“All the art of living lies in a fine mingling of letting go and holding on.” Havelock Ellis

Work has continued to be pretty stressful since my last blog. So much so that I have given serious thought to completely revamping how I run things and possibly transition to a preschool setting so I can can run on my kids’ school schedule and actually have time off with my kids whenever they have off from school. But I just love having babies here so much, it would be so hard for me to give them up! I am still leaving this option open and am continuing to work out details because it would definitely be in the best interest of my family…and myself.

But enough of that — ON TO THE DIET! The nutraceutical company I joined at the beginning of January has their own month-long cleanse program that had me very intrigued from the beginning, I have nothing to loose but more weight, so I decided to give it a go! I started the program yesterday and in some ways it is similar to the 10-day shred that I have done a few times, but for the most part it is very different than most others I’ve seen. This one has you cut out very specific fruits that are high on the glycemic index to reduce acidity even faster to return your body to an alkaline state. It also has you eliminate red meat and pork for the month — this is something I have never done before and I’m very curious to see how it affects my weight loss over the next month. I felt great yesterday, I still almost grabbed a pizza roll off the tray as I walked by, not necessarily because I wanted it, but more out of bad habit!

Another aspect I’m very curious about is seeing how putting a serious effort into being as alkaline and balanced as I can be will affect my horrid Kansas seasonal allergies. My personal peak season is late April on into May, a little later that most Kansans, and I have no idea what flares up my allergies other than that it blooms in late spring/early summer, but GOOD GOD it is the most miserable 1-2 months! Most days I can barely take two steps out the front door before feeling like I want to scratch my face off. I have heard endless testimonials from people using these products who have addressed their allergy issues with great success, I would really like to be one of those people since my allergy meds work less and less with each year.

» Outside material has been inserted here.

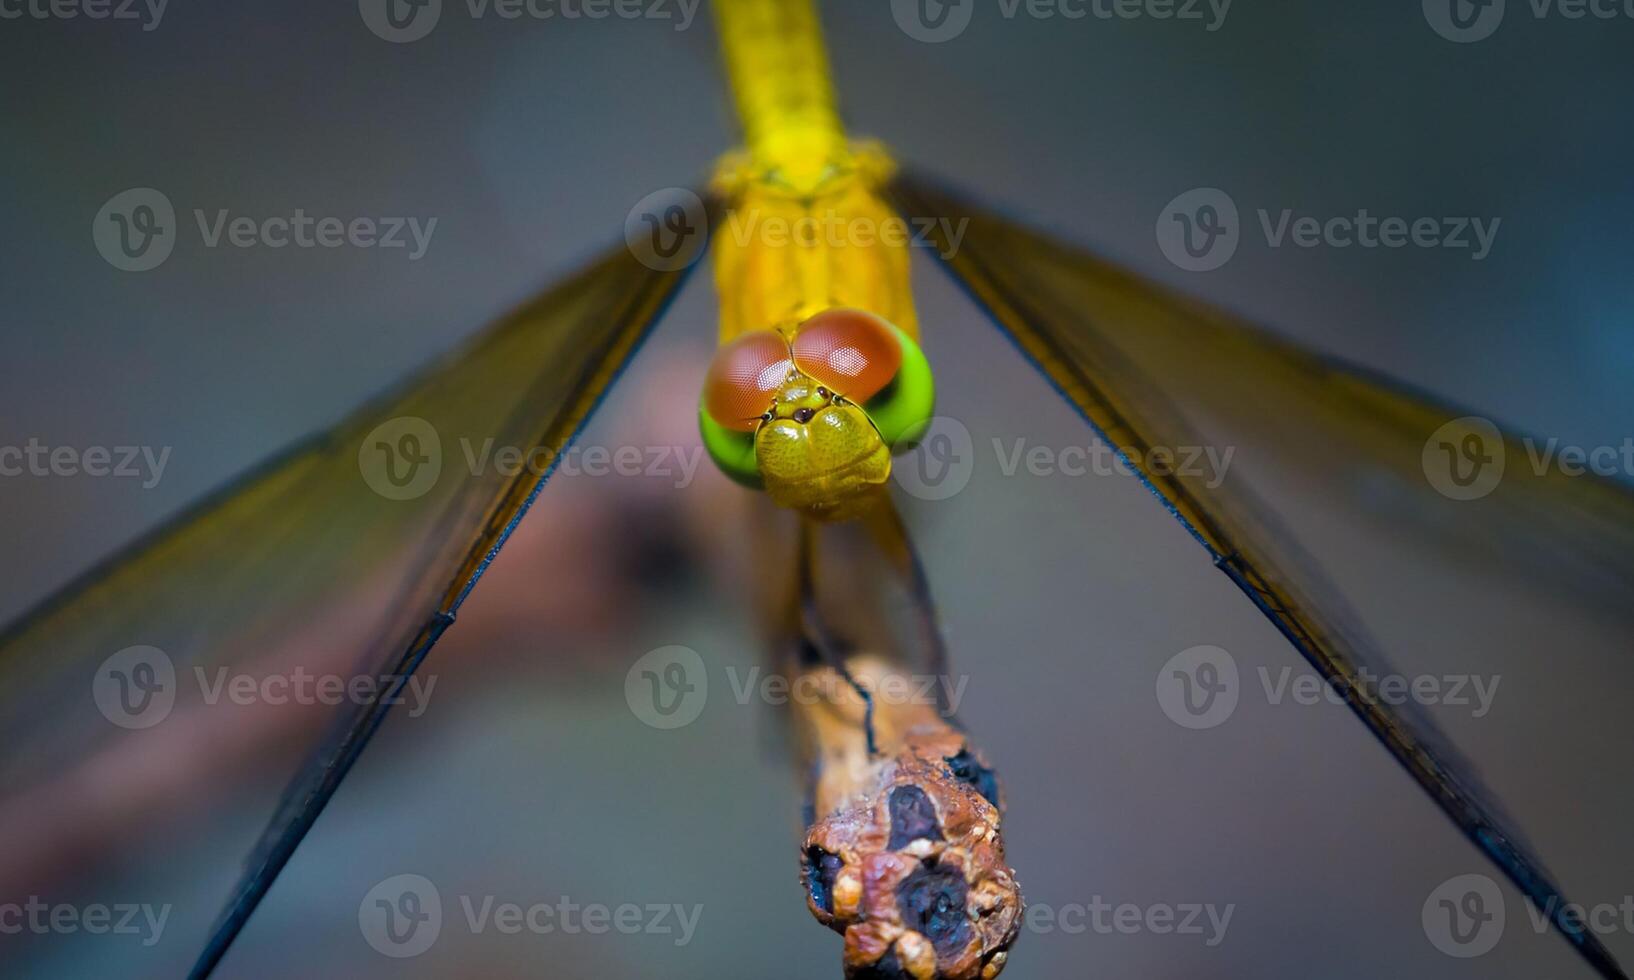 mycket detaljerad makro Foto av en trollslända. makro skott, som visar detaljer av de trollslända ögon och vingar. skön trollslända i naturlig livsmiljö

Back to the weight loss, though…two months until Belize and come hell or high water I WILL be buying new clothes and a new swim suit in a different size before I go! I will also have one last waxing the day before I leave. 😁 My friends and I have planned our excursions and I want to be able to hike through the ruins with ease.

So overall, the last week has been extremely stressful work-wise, but the weight loss is back on track and my motivation has returned. The treadmill and weights are getting daily use. ALSO, on Saturday night, I saw LIVE IN CONCERT Vanilla Ice, Rob Base, Coolio, Tone Loc, and Young MC!!! They are all currently on the I Love the 90s tour…it was like I was in high school all over again! All three of my girls came with me and had a blast dancing and singing all night. I think a great song to sum up this post is one from the concert that speaks to the journey I am on right now…I’m taking Coolio’s “Fantastic Voyage”. And yes, I saw him do it live!!!

~~ Amie

Author: lifedeathdieting

My story is the same as most women, all was fine with my health, weight and body -- until I had kids. My metabolism is nearly non-existent, it seems I have to put in 10X more effort as anyone else to loose even 1 pound (yet, I can gain weight almost instantly if I allow myself even a single cheat day), I'm embarrassed to say how many different diets I've tried and bombed, and most days the motivation simply isn't there. I have even met much resistance with people in my life, dieting and loosing weight is such a common topic, I think it is often minimized just because so many people talk about it everyday. Friends and family always brush it off like its something I can do if I just stop whining about it and just do it -- but I can't, I've learned over the last 17 years that it is far more complicated than "just doing it." Exercising is difficult with all the loose skin and fat that sags on my abdomen...but I need to exercise to get all that fat off...but many exercises I can't do because the fat and skin are in the way...it's a loose-loose at the moment. But there is a new dawn on the weight loss horizon, I have finally begin to drop some weight, and I am slowly figuring out where my buggaboos are hiding within my mind and my diet. I am sharing this journey to chronicle the successes and failures on my return to health.